• _Supplied data_:
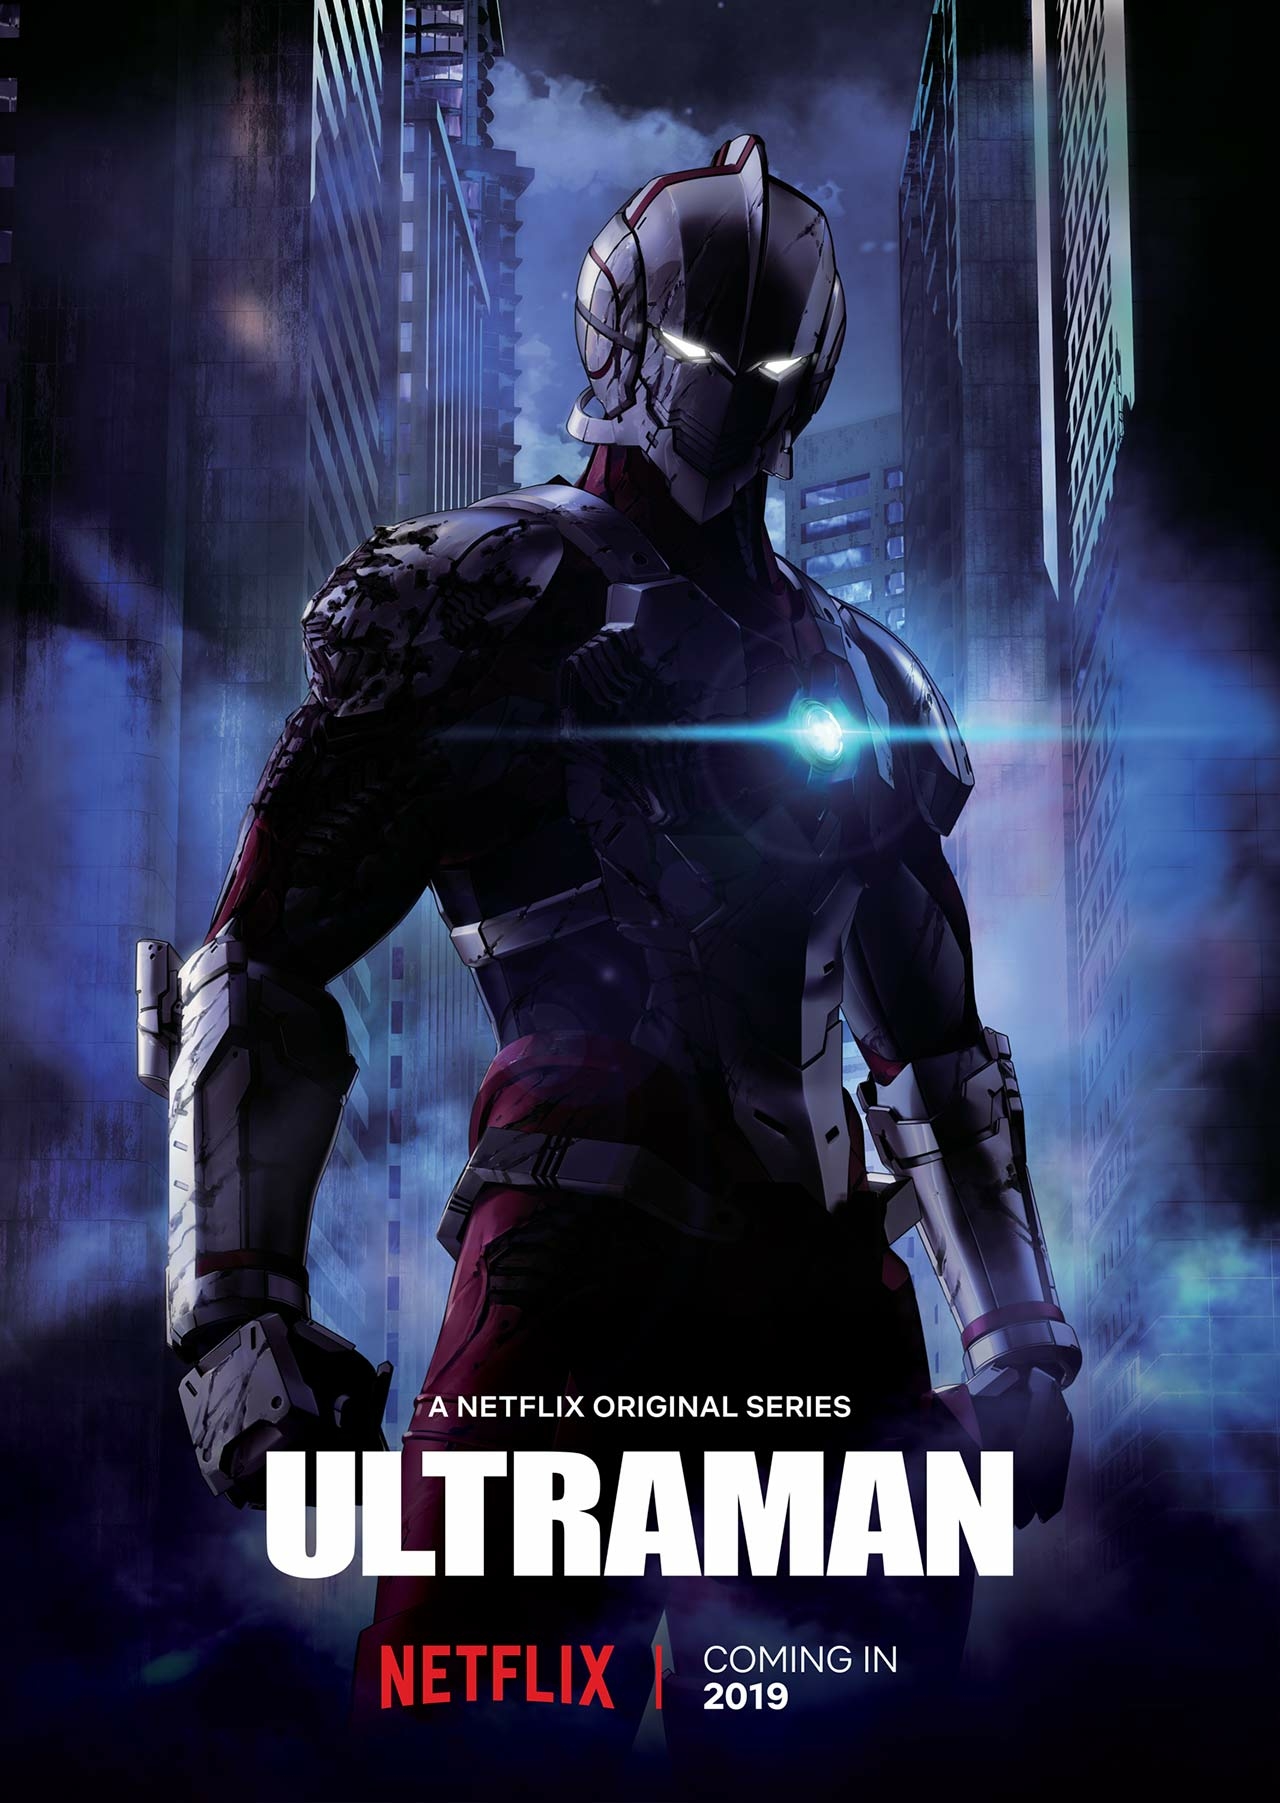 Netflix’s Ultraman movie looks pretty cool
* * *
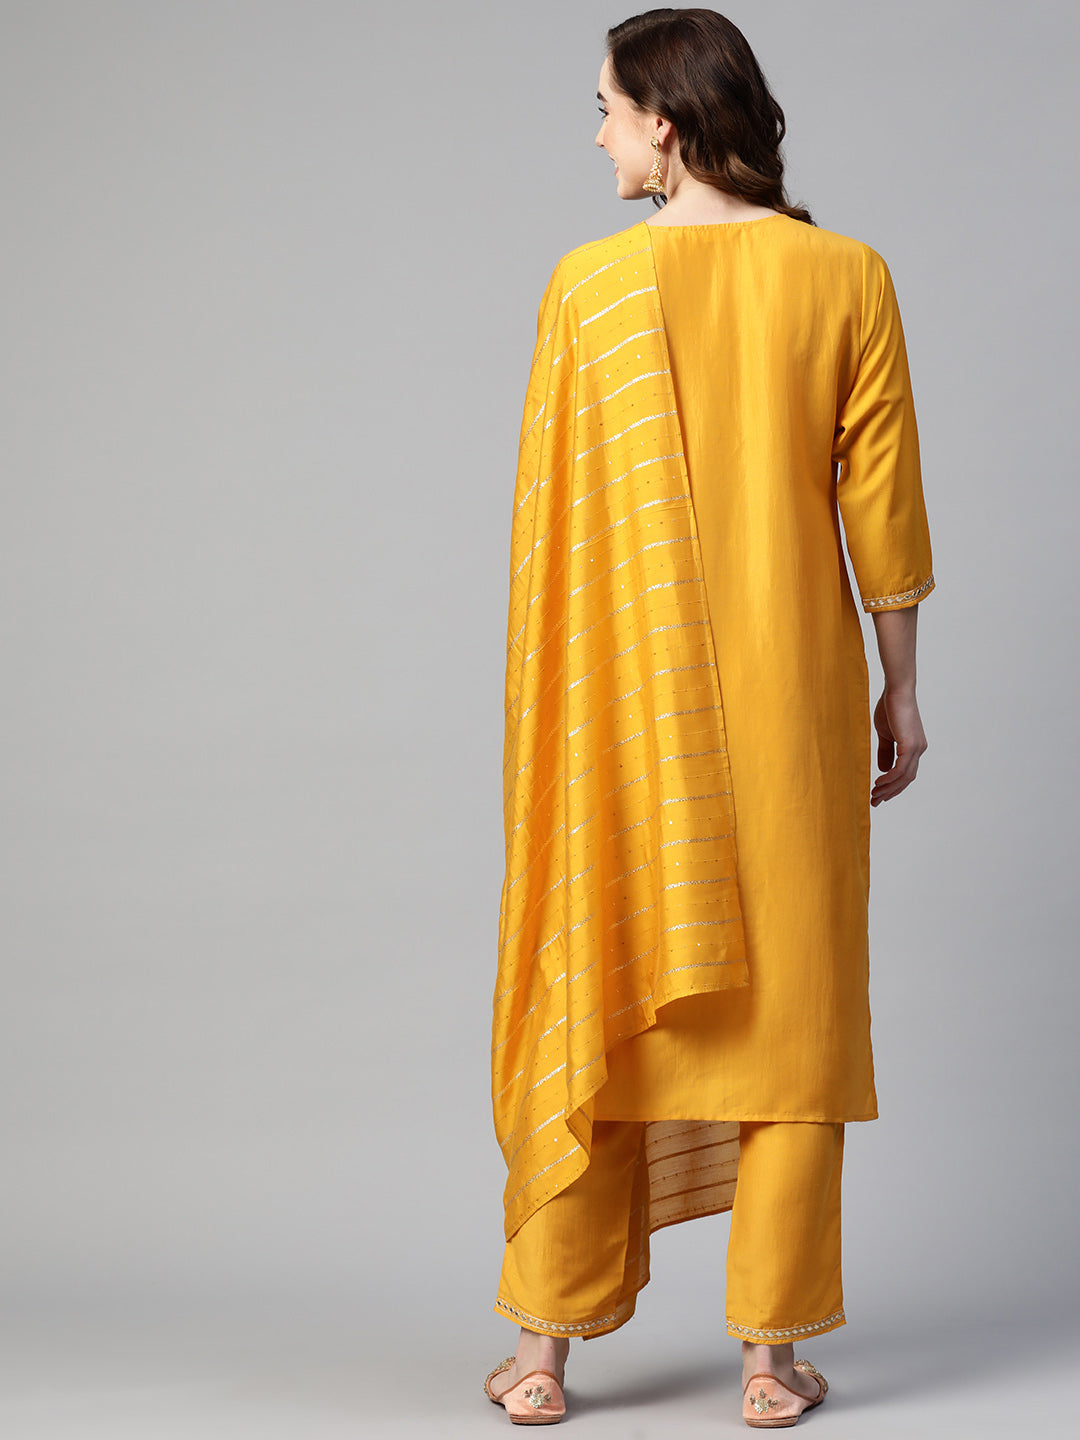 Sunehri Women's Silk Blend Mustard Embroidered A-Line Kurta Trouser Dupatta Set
...
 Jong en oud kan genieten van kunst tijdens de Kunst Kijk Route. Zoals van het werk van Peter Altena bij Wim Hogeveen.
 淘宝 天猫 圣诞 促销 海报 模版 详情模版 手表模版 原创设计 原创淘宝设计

• _Directions_: The range runs from the line with "Jong en oud" up to and including the line with "淘宝 天猫 圣诞 促销 海报 模版 详情模版 手表模版 原创设计 原创淘宝设计" in the listing above; please write out exactly those lines and nothing more.

• _Your response_:
 Jong en oud kan genieten van kunst tijdens de Kunst Kijk Route. Zoals van het werk van Peter Altena bij Wim Hogeveen.
 淘宝 天猫 圣诞 促销 海报 模版 详情模版 手表模版 原创设计 原创淘宝设计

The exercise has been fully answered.